■ **WORK REQUIRED**
Working from the records below, repeat exactly the lines starting at the line that contains "Muni Pratye" and ending at the line that contains "Du lịch Tây", inclusive.

■ **AVAILABLE RECORDS**
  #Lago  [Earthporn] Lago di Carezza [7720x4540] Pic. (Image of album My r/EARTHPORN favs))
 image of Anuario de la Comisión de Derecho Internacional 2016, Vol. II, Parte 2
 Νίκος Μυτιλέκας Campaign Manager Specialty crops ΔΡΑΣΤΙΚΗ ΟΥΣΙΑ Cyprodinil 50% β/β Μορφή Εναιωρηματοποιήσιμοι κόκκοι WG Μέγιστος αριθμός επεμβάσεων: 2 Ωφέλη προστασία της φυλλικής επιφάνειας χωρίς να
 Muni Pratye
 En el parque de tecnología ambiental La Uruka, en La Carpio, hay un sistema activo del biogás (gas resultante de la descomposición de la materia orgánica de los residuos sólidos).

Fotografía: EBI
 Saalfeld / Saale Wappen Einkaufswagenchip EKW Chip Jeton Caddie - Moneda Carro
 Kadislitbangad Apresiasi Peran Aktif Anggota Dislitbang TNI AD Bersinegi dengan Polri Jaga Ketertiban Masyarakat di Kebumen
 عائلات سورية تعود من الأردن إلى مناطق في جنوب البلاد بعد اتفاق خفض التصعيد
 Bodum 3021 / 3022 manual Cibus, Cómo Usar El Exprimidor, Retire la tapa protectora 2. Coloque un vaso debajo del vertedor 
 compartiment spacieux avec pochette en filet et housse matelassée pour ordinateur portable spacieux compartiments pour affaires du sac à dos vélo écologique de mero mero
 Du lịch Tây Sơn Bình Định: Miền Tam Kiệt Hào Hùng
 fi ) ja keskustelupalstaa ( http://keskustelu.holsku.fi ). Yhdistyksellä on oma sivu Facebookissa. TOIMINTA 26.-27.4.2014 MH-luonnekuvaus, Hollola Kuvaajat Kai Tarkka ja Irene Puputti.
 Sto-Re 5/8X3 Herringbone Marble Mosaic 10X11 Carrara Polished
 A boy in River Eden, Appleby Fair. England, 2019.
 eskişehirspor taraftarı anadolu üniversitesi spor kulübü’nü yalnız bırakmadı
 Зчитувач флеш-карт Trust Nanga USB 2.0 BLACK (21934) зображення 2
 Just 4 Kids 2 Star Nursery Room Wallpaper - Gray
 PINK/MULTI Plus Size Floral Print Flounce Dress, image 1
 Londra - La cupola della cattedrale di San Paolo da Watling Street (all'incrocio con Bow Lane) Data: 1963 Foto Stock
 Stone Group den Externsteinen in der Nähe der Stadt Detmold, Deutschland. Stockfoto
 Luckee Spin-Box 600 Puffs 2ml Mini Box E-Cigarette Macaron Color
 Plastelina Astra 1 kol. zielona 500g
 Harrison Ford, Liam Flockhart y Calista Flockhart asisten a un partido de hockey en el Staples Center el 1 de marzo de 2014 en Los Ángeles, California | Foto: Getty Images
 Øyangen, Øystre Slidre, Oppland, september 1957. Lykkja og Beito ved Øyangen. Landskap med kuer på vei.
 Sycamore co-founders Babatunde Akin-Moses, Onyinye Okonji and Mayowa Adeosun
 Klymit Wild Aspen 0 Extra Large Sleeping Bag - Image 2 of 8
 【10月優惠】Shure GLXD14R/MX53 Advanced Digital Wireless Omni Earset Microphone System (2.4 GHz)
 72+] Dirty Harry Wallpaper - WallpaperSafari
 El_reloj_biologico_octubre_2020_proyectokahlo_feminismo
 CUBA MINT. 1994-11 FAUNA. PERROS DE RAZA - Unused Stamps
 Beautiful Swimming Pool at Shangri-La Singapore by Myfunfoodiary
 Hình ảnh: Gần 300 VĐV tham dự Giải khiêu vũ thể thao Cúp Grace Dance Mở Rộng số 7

■ **ANSWER FOR THIS EXERCISE**
 Muni Pratye
 En el parque de tecnología ambiental La Uruka, en La Carpio, hay un sistema activo del biogás (gas resultante de la descomposición de la materia orgánica de los residuos sólidos).

Fotografía: EBI
 Saalfeld / Saale Wappen Einkaufswagenchip EKW Chip Jeton Caddie - Moneda Carro
 Kadislitbangad Apresiasi Peran Aktif Anggota Dislitbang TNI AD Bersinegi dengan Polri Jaga Ketertiban Masyarakat di Kebumen
 عائلات سورية تعود من الأردن إلى مناطق في جنوب البلاد بعد اتفاق خفض التصعيد
 Bodum 3021 / 3022 manual Cibus, Cómo Usar El Exprimidor, Retire la tapa protectora 2. Coloque un vaso debajo del vertedor 
 compartiment spacieux avec pochette en filet et housse matelassée pour ordinateur portable spacieux compartiments pour affaires du sac à dos vélo écologique de mero mero
 Du lịch Tây Sơn Bình Định: Miền Tam Kiệt Hào Hùng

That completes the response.